Hallo liebe Teichfreunde,

unseren Gartenteich haben wir im Sommer 2000 angelegt. Mit Schlamm hatte ich bisher keine Probleme, das Wasser ist wunderbar klar, die Wasserwerte gut, die Fische putzmunter (2 Koi, 20 hier geborene Goldfische). Seit letztem Jahr habe ich einen einen Schlammsauger von Gardena, der das "gereinigte" Wasser wieder in den Teich zurücklaufen läßt, funktioniert auch mit Fadenalgen und groben Schmutz ausgezeichnet, nur wenn wann feinen Schlamm aufsaugt, läßt der Sauger diesen wieder in den Teich zurück und das Wasser sieht dann entsprechend aus.
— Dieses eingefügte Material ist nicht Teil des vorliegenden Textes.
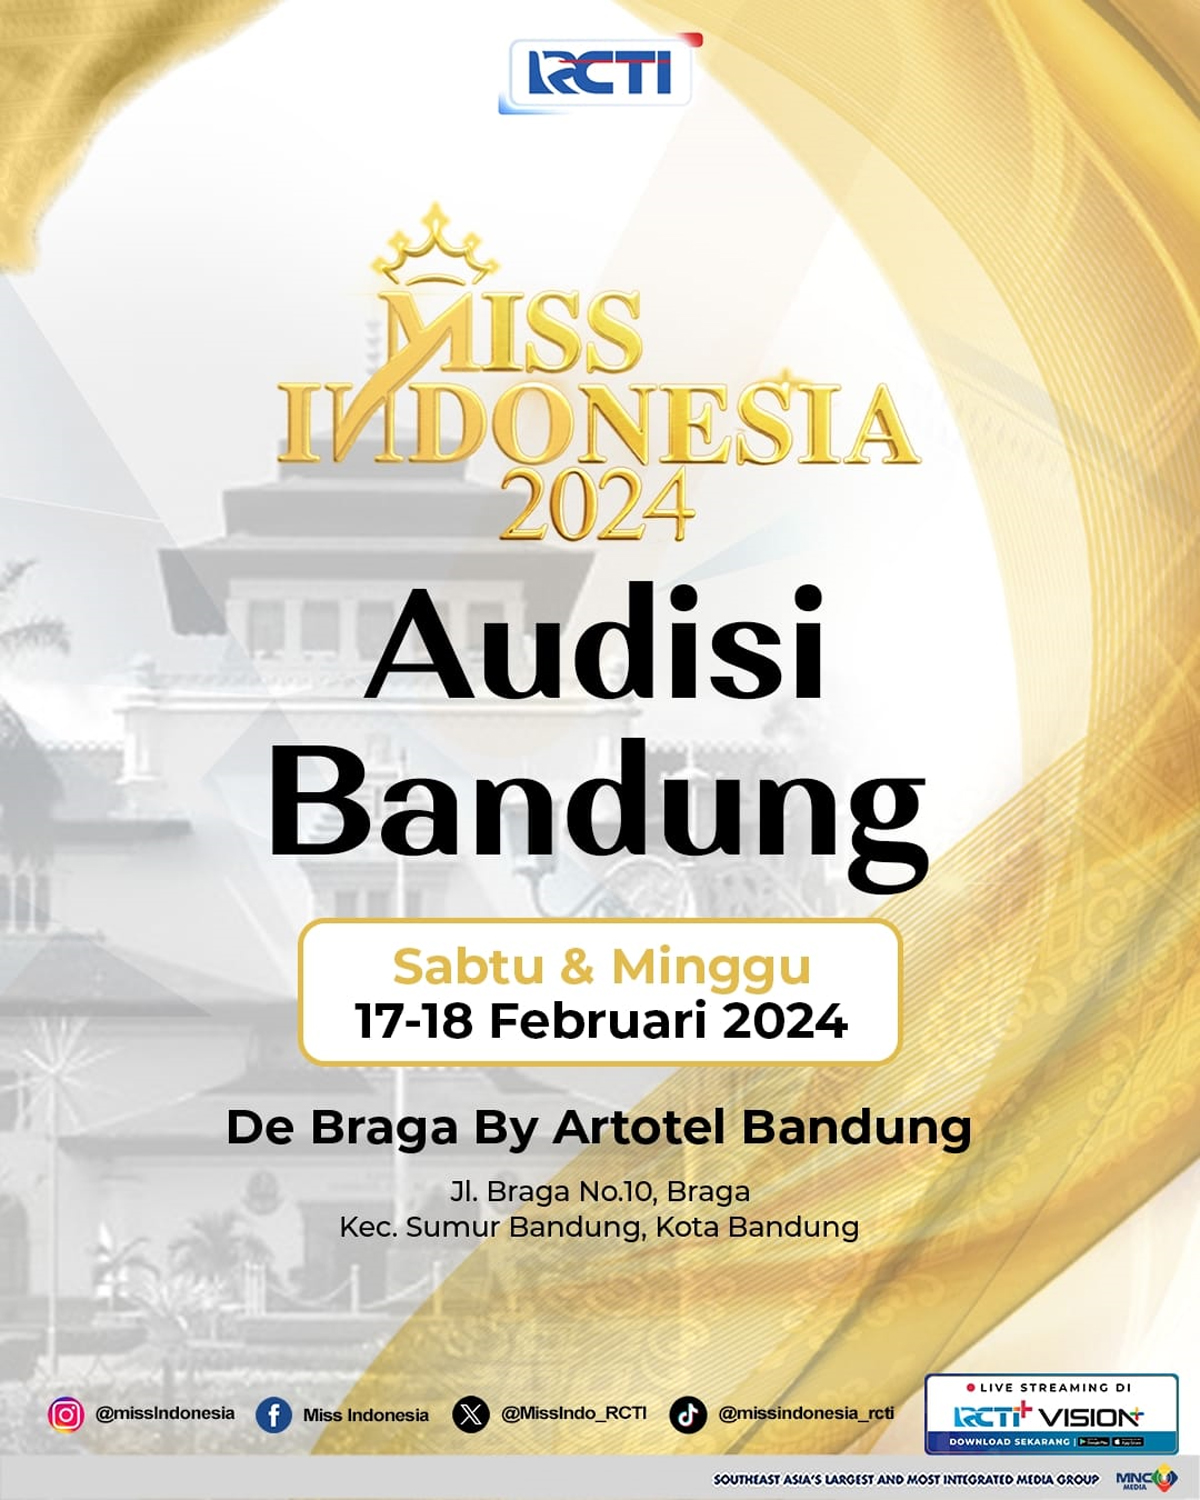 Bandung Jadi Kota Pembuka Audisi Miss Indonesia 2024, Cek Jadwal di 4 Kota Besar di Pulau Jawa

Seit diesem Jahr komme ich aber mit Schlammsaugern nicht mehr gegen den Schlamm an. Der grün-braune "Schnodder" hat sich durch die Aktion mit dem Schlammsauger überall abgelegt, an den Rändern, auf den Pflanzkörben, die ganze Folie ist mit einer ca. 2 cm lockeren, leicht verwirbelbaren Schicht bedeckt. Durch den Filter ist das Wasser wieder einigermaßen klar. 
Nun habe ich mich entschlossen eine Grundreinigung mit Wasserablassen und Folie säubern durchzuführen. Wer hat Erfahrung und weiß, zu welcher Jahreszeit man dieses am besten durchführt? Wie sieht es mit Wasseraufbereitungsmitteln aus? Oder soll ich doch lieber auf Schlammbakterien mit "Turboeffekt" zurück greifen?  
Übrigens suchen ein paar Goldfische ein neues zuhause, es sind mittlerweile doch zuviele.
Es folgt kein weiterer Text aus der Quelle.